By JACK POLLARD
Roommates; everyone has them. Living in close quarters with a friend or complete stranger is an integral part of life at college. The transition of adapting to another person’s schedule and living habits can be challenging, however, and for some people that are forced to change beauty regimens 18 years in the making, it begs the question: Is your roommate bad for your skin? I reached out to the Health Center, the Talley Center and a student in order to find out. Unfortunately, despite both emails and in-office inquiries, the Health Center proved unavailable for comment last week. However, I was able to meet with the Talley Center’s Director, Dr. Tevya Zukor, a practicing clinical psychologist for over 13 years. Zukor is experienced in group therapy, trauma recovery, issues with grief and loss and crisis management.
“I personally believe that having a roommate is one of the most important and greatest developmental milestones of the college experience,” said Zukor. “For many of our students, this is going to be the first time they’ve had a roommate, and the first time they’re having to learn to navigate and share space and resources.”
As everyone quickly finds out, that learning curve can be a challenge. Not only are you having to share space, you’re now having to share in someone else’s life. Not just their possessions, but all their mannerisms and little habits too, not to mention their schedules.
“Many people benefit from the continuity of routine,” said Zukor. “It makes things easier to do; if you’re the kind of person who gets breakfast every morning, or wakes up at the same time each day, you have that thing you know you’re going to do, day in and day out. And for a lot of people, it can be a really helpful thing to start your day with that productivity. However, having a roommate has the potential to disrupt that.”
“All of a sudden,” Zukor continued, “you’re sharing one bathroom with a person and sometimes, they’re using it when you need it. Sometimes, they’re not. Sometimes, they have a class that they’re trying to get to and you’re taking up their time. I have seen so many roommate conflicts over the simple reason that people have class at the same time.”
Whether your schedules and habits are too similar or too different, Zukor recommends communication as the best solution.
“Roommates can be really disruptive to routine, whether their sleep cycle is different to yours, or there’s too much clutter in the bathroom,” said Zukor. “However, it’s always better to try and anticipate that stuff and have a conversation beforehand. If you have it in the moment, you run the risk of the other person feeling attacked or criticized, and then people get defensive and nothing gets done. Make a plan with your roommate ahead of time.”
Molly Adelsbach, a sophomore English and music double major, offered her perspective on how roommates affect her personal hygiene routine.
“I’ve always had bad skin,” said Adelsbach, “lots of acne scars. It’s better the more often I shower, but when you have all girls living in an apartment, the shower gets really, really cluttered. It can be annoying to reach up to get something and have everything fall over. And hair clogs are ridiculous.”
Adelsbach shared her method of managing schedules with her roommate and suite-mate.

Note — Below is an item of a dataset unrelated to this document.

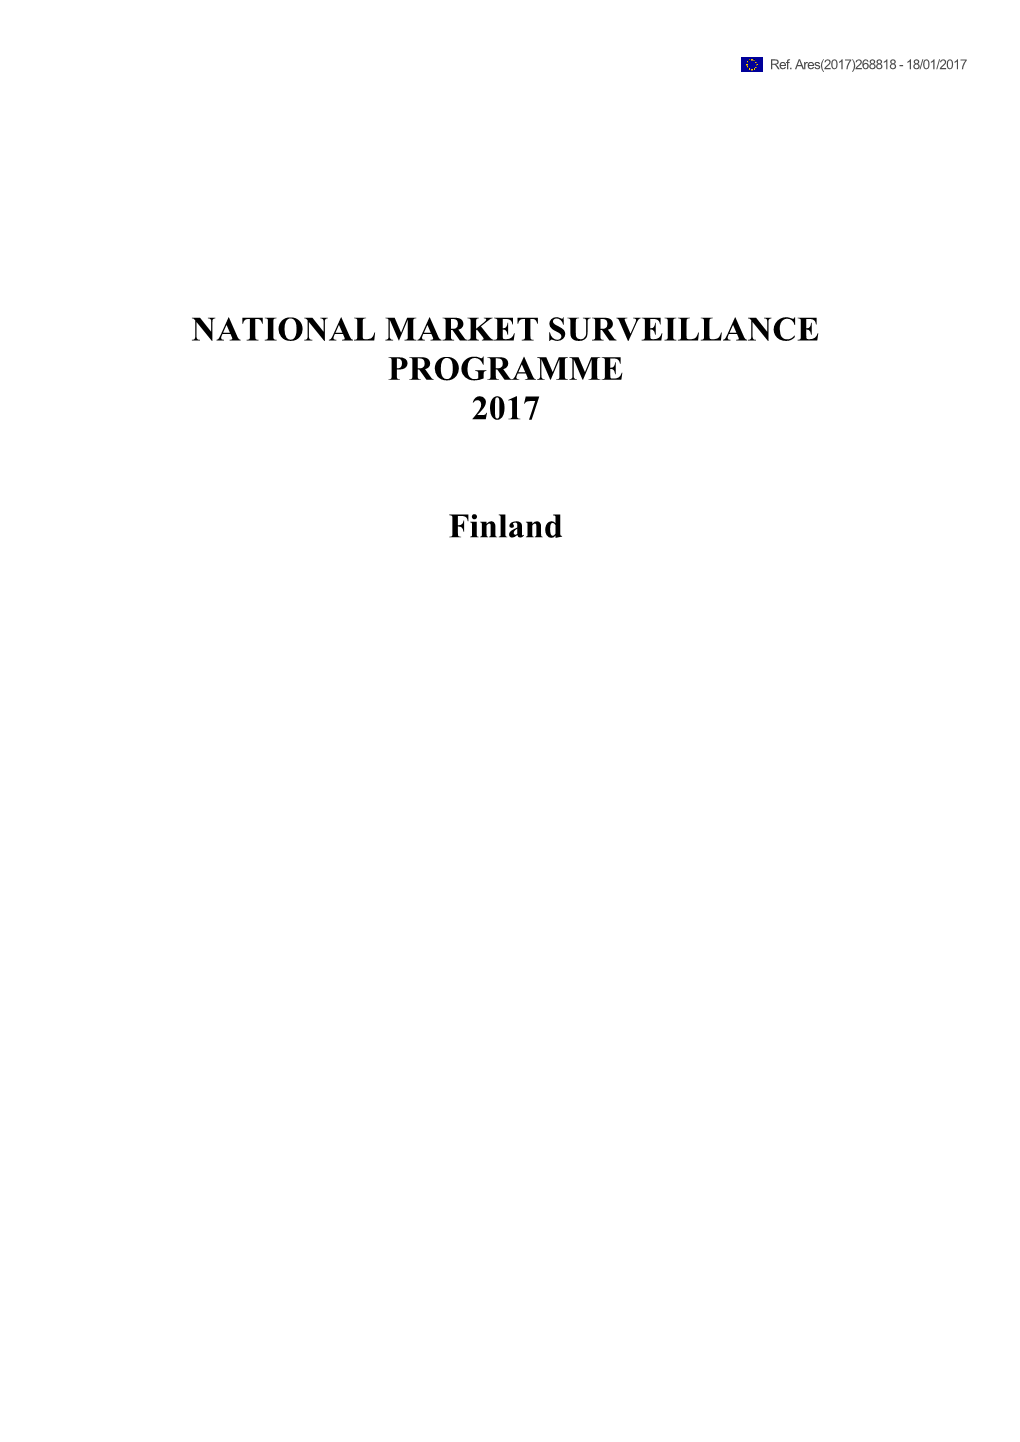 NATIONAL MARKET SURVEILLANCE PROGRAMME 2017 Finland

“We all settled into routine fairly easily,” said Adelsbach. “It’s lucky that Angela [my roommate] and I are so well matched, because we’re generally so easy going about a lot of it. It helps that for the most part, our schedules don’t line up because everyone can get in when they need to. However, I do believe that communication is key. The only really tricky thing for me can be Tuesdays and Thursdays because Angela and I both have 9:30 classes. Since she usually does make-up, a lot of times I’ll usually try and get in before her. I don’t want to have to try and rush through my general care routine and I don’t want to rush her through her make-up either.”
Adelsbach noted that she and her roommate were able to work out their system early in the year and achieved a great deal of success with the way they managed their shared routine and schedule. So, is your roommate bad for your skin? The answer is, only if you let them be. Discussinging major issues and planning out your schedules before problems can arise can ensure a smooth transition to sharing space and preserving your well-established routines.
Zukor gave some final words of wisdom. “My biggest take-home from all this: the thing we see most commonly in roommate conflicts is, most of the time, the conflict has escalated to the point it has because both sides have let it build, and neither are wanting to confront the other about it,” said Zukor. “‘I don’t know what to say, I don’t know how to say it, it’s no big deal, I don’t want to bring it up to them first,’ and I get it, of course. But learning to work past and fight that resentment early, to start the conversation usually reveals that your roommate’s as frustrated as you are, and doing so can avoid so many issues in the future.”